F-35b Flight Testing And Ship Trials
    There are three versions of the F-35 (a 5th generation fighter): the conventional take-off and landing (CTOL) F-35A, the short take-off and vertical landing (STOVL) F-35B and the catapult and arrested landing (CV) F-35C. The F-35B, developed in conjunction with BAE Systems, was for the USMC and the RN/RAF for operation on two the Queen Elizabeth (QE) class carriers . However, in the 2011-2012 period, with the carriers in build and the aircraft programme well under way, the UK Government changed its mind under RN pressure, and thought that the F-35C would be preferable because of its slightly greater range than the STOVL B model. A very expensive study ensued. It was realised that the QEs, designed for STOVL, had no catapults or arrester gear, although there was space, and the ships were gas turbine powered so there was no steam on tap for the catapults making the only option electromagnetic power - which did not exist full scale at the time; development would be very costly and the ships would be delayed by some years. So, back to square one, the F-35B!
    The F-35 missions are suppression of air defences flying in the clean, stealthy configuration, by day or night; fly deeply into heavily defended areas; locate, identify and destroy relocatable or moving targets; all while possibly outnumbered by 4th generation fighters which can’t see the stealthy F-35 but which the F-35 can see.
    Trials took place at four sites: Naval Air Station, Patuxent River (Pax River), Maryland; Marine Corps Air Station (MCAS), Beaufort, South Carolina; Eglin Air Force Base (AFB), Florida; and Edwards AFB, California. The Joint Project Office (JPO) was at Arlington, Virginia and the manufacturer was Lockheed-Martin at Fort Worth, Texas, with its mile long production line. (Editor’s note. The UK is a Tier 1 partner, the main contributions being: BAES builds all the F-35 rear fuselages, and Rolls-Royce supplies the jet lift systems including the fan for the B model)
    The US/UK F-35 Integrated Test Force (ITF) had five F-35Bs and four F-35Cs including the first UK aircraft, serial number ZM135 (like the first English Electric Lightning F1 accepted by the RAF, XM135). All were instrumented. Two of the F-35Bs were devoted to mission systems testing and three to flight systems testing.

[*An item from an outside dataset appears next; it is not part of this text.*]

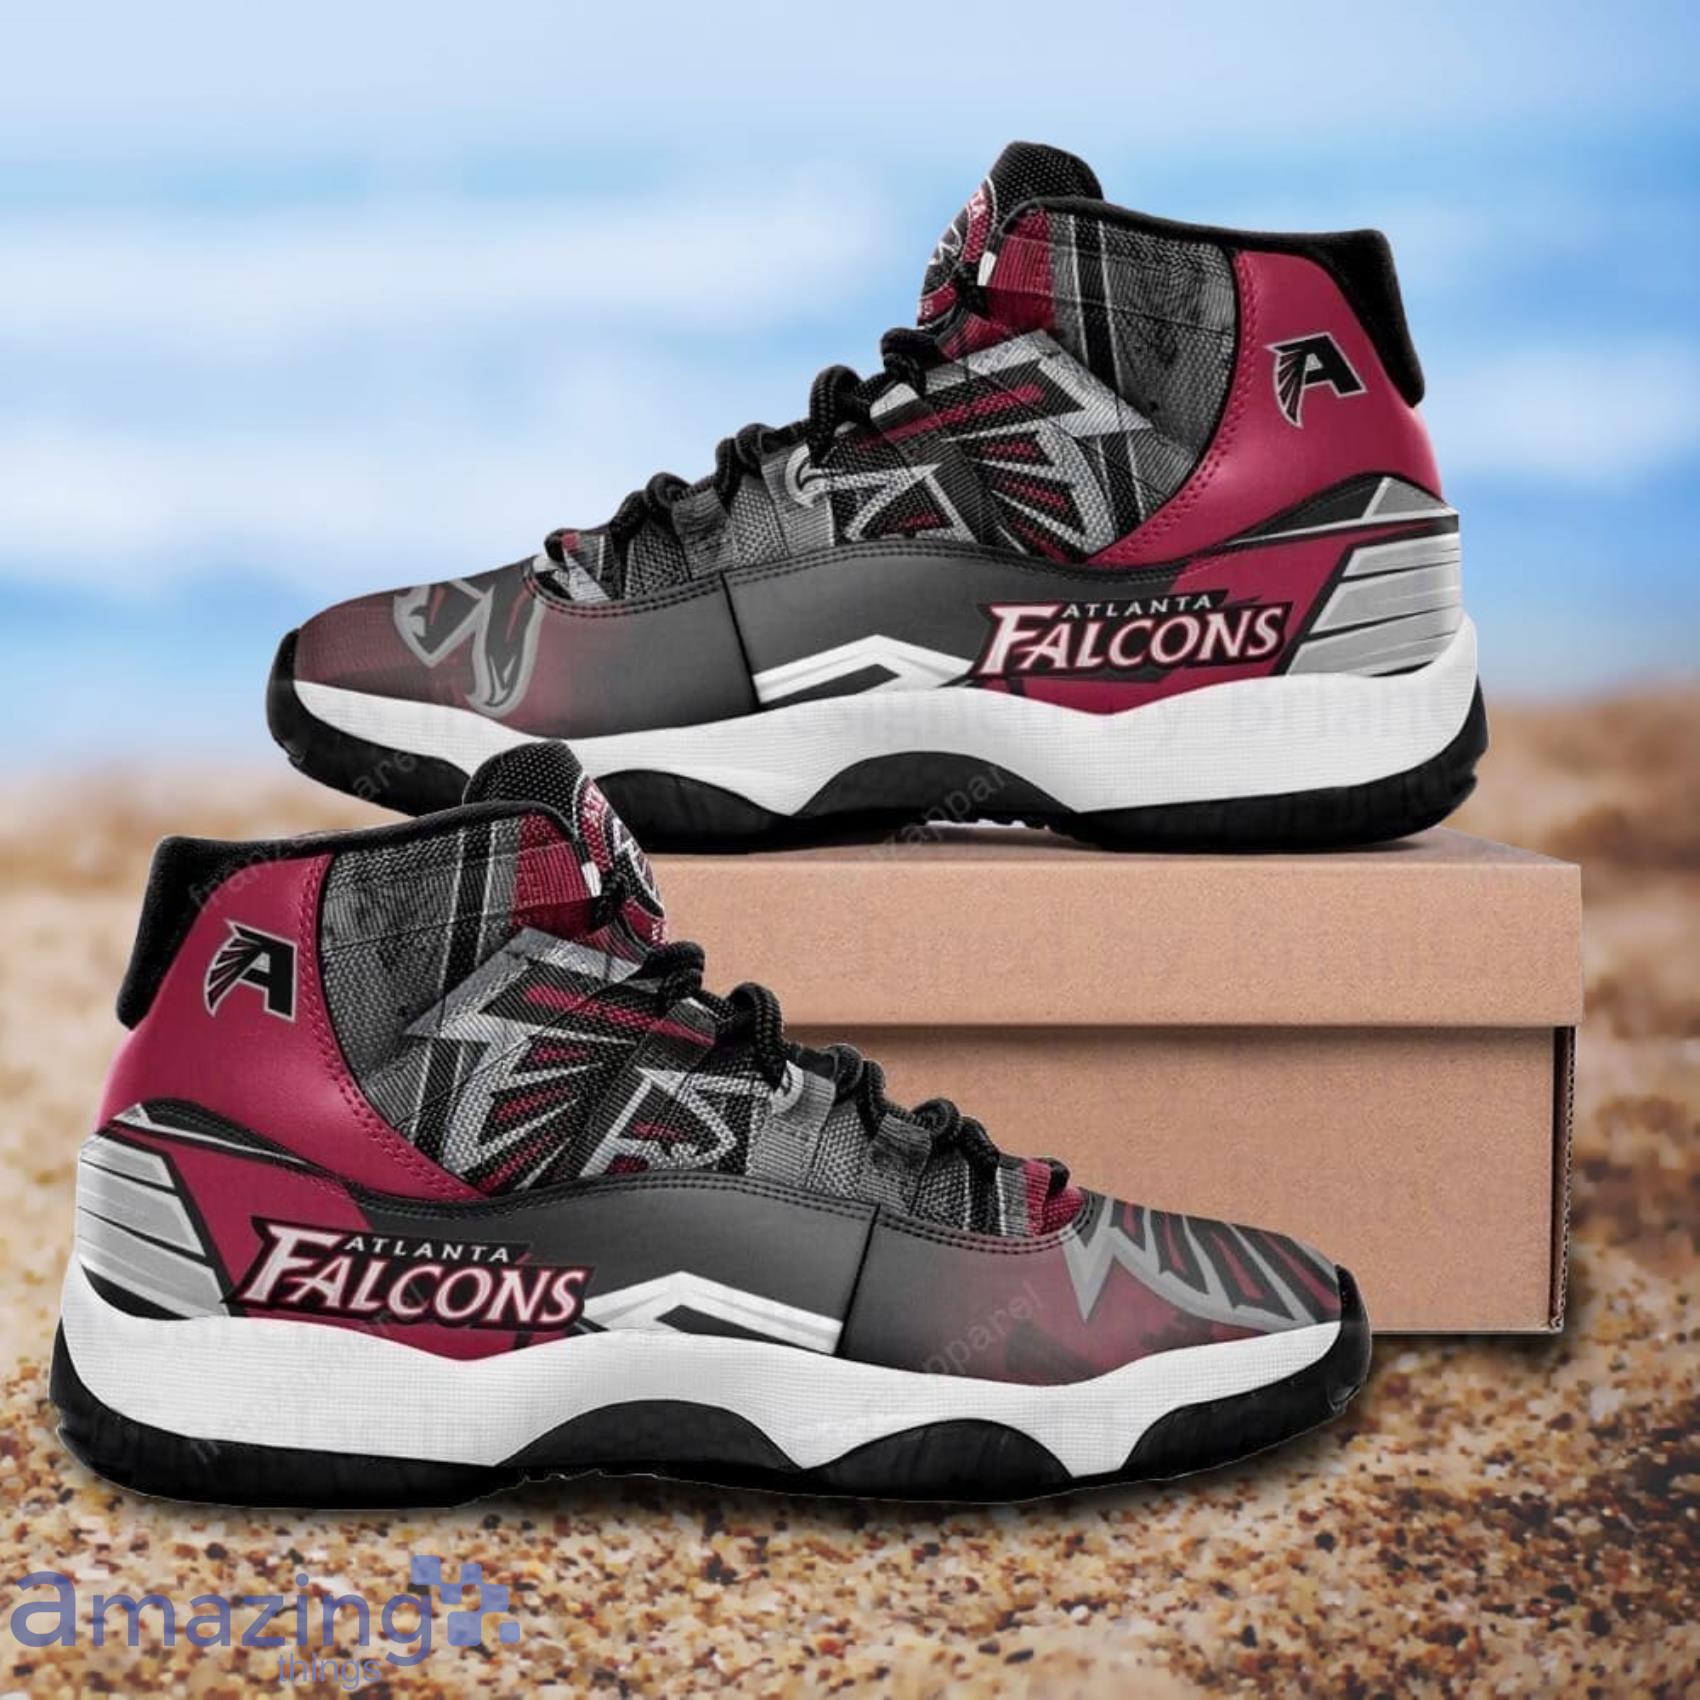 Atlanta Falcons Personalized Full Print Air Jordan 11 Shoes For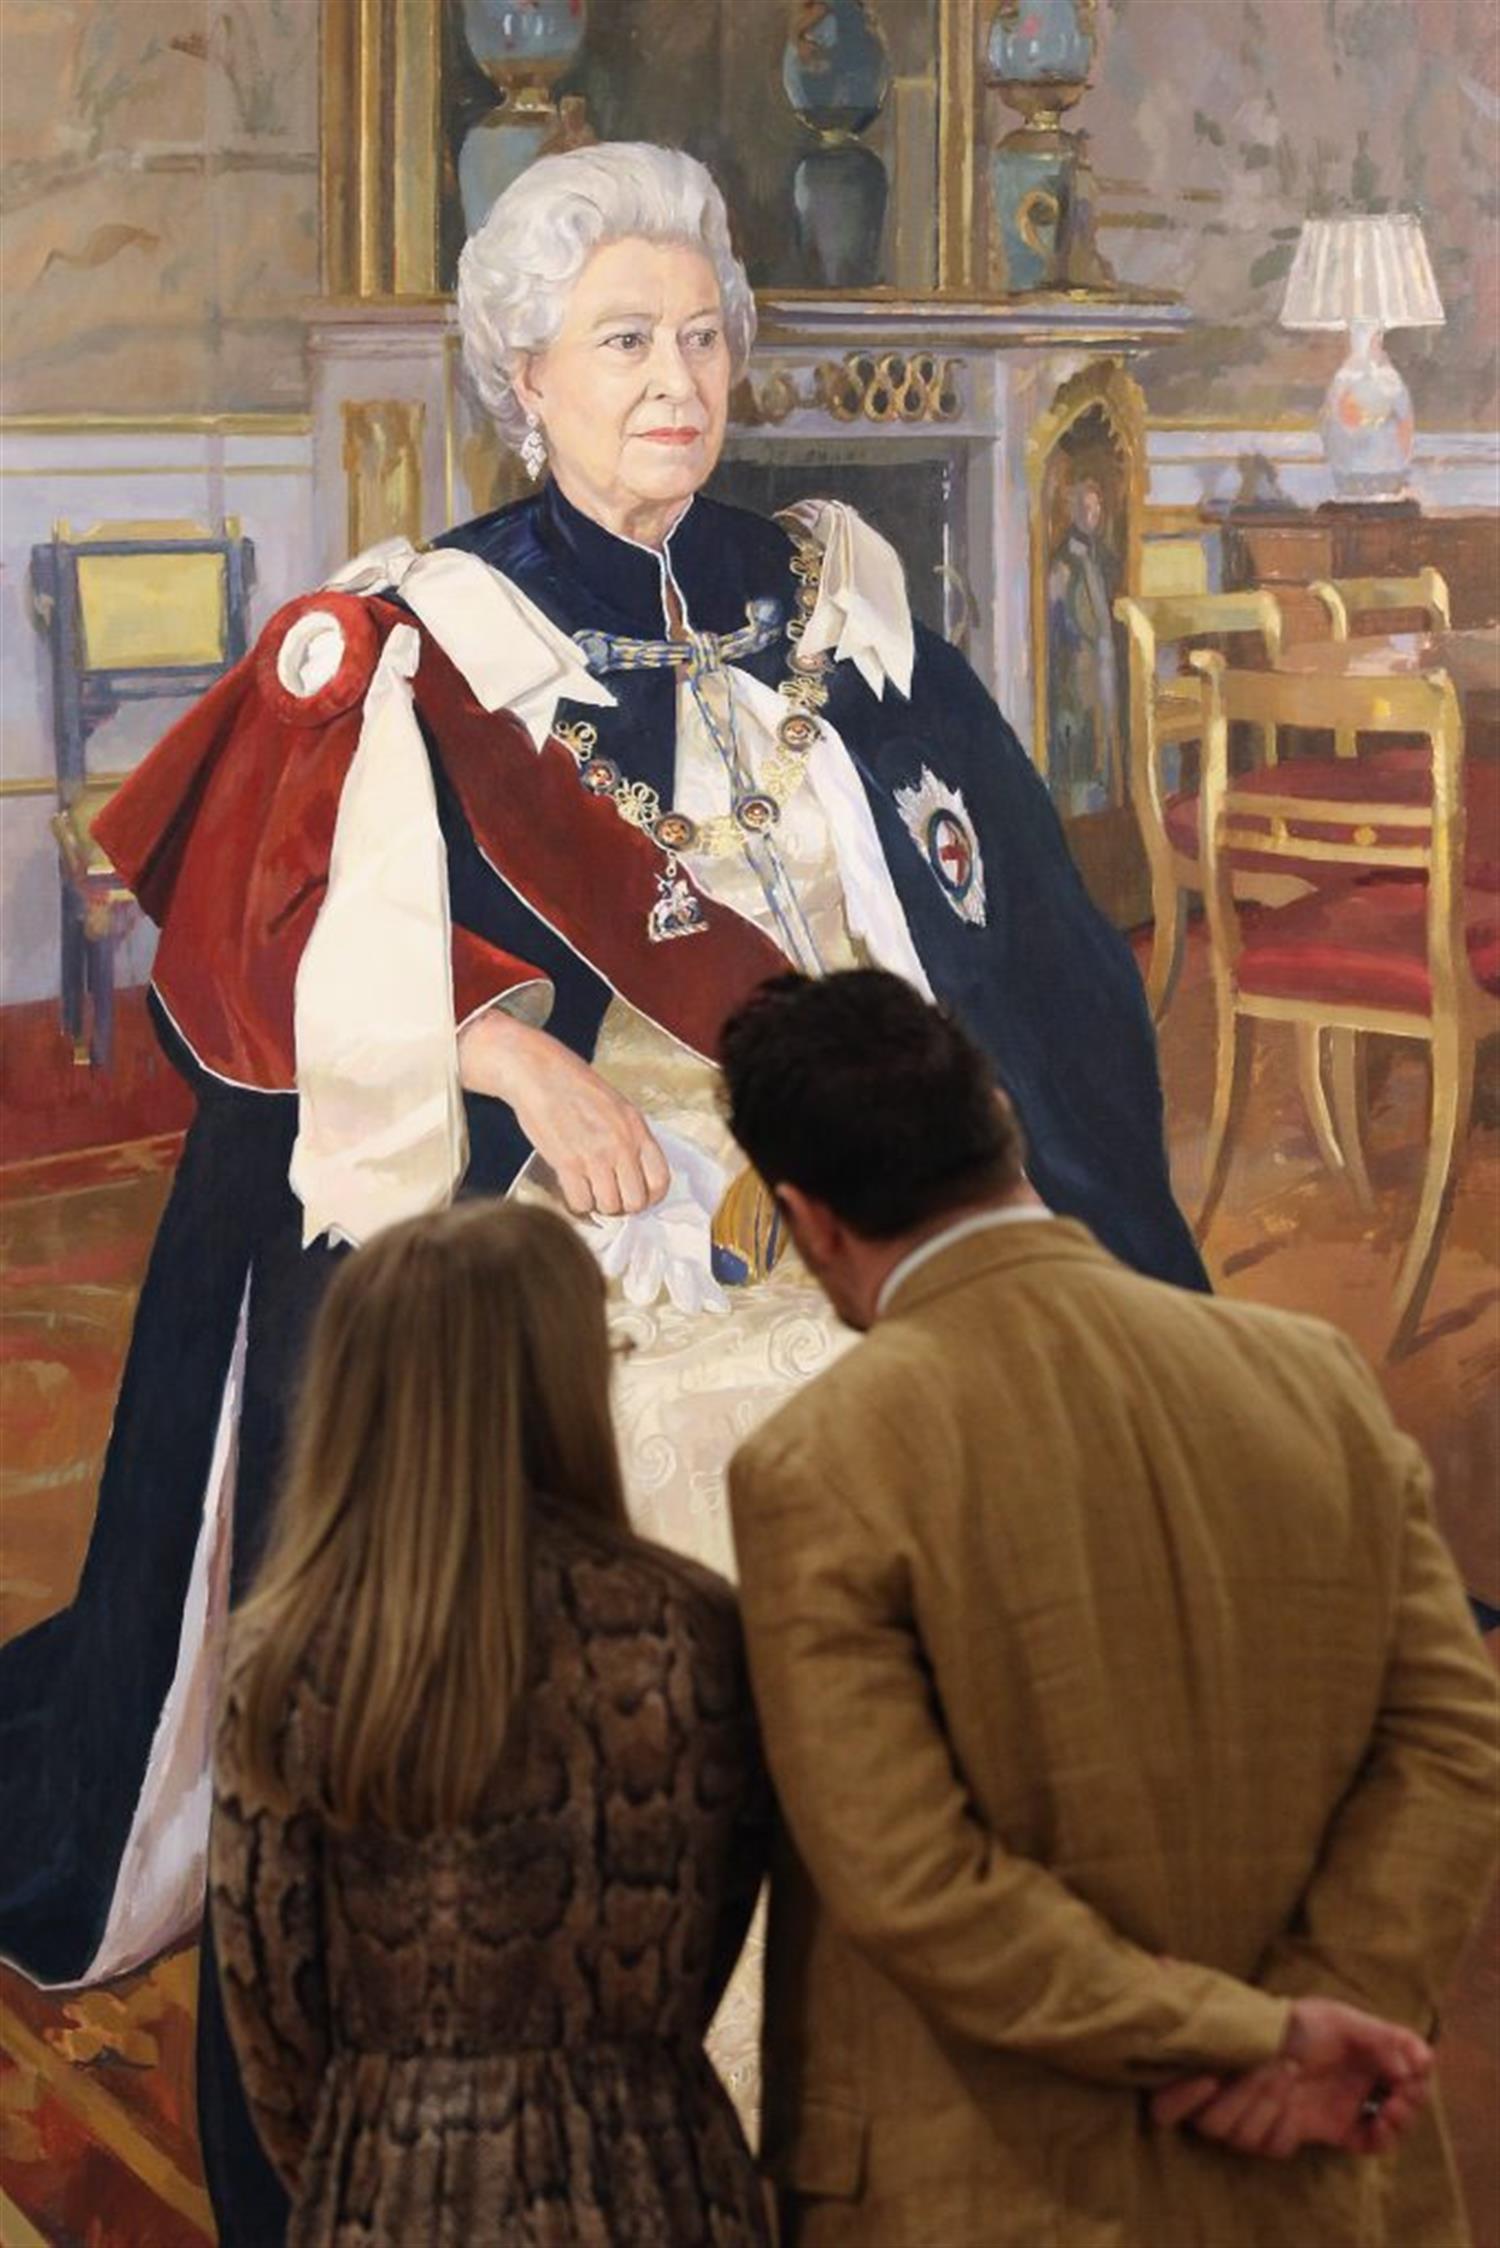 نقاشی ملکه الیزابت دوم در نمایشگاه انجمن سلطنتی نقاشان پرتره در گالری مال لندن

The ITF was manned by 600 contractors’ personnel and 324 government personnel.
    The ITF trials included flight and ground safety, flight envelope expansion, software development testing, aerodynamic properties (handling and stability and control) in conventional and STOVL flight, survival equipment, especially the helmet with its visor display which, by means of airframe mounted external cameras, gives the pilot all-round vision including seeing through the cockpit floor. The mission system includes the radar and other sensors, information from which is displayed on a large screen taking up most of the panel space in front of the pilot who can see all the relevant information at once instead of looking at a number of smaller dedicated screens found in ‘legacy’ aircraft. All this information can be shared with other F-35s and all suitably equipped command and control bodies involved in the battle.    
    Facilities unique to Pax River were concerned with carrier suitability, STOVL, the Ski Jump, the hover pit and low observables/radar cross section (stealth) testing. Unique to Edwards were its long runways, flat desert surroundings, weapon ranges, an artificially wet runway, multi aircraft mission systems testing and engine-stopped testing facilities. Its remote location also ensured security - Russian electronic information gathering ‘trawlers’ were not around to gather electronic intelligence. Eglin AFB provided training facilities for ground and air crew and had a comprehensive climatic hangar for hot, cold and wet ground testing and running.
    Weapons integration testing was in two phases: internal carriage for stealthy operation (day one of the war) and external carriage for non-stealthy operations once the enemy surface to air weapon systems are disabled. The internally carried stores cleared were: the Joint Direct Attack Munition (JDAM), an all weather, precision guided bomb; the Paveway laser guided bomb; and the AIM-120 Advanced Medium Range Air-to-Air Missile (AMRAAM). Sidewinder AIM-9X air-to-air missiles were carried on the wing outboard pylons. A range of US and UK weapons was cleared for use on the six under wing pylons. A US 25 mm gun pod was cleared for under fuselage centre line carriage (not for UK use at present).
    The night vision system was tested for correct operation with the helmet mounted display. Any effects of the adjacent aircraft on engine surge sensitivity were explored in formation flying. Correct engine functioning was tested at high angles of attack as was aircraft handling with the engine stopped. Probe and drogue air-to- air refuelling from the C-130, and Tristar was carried out .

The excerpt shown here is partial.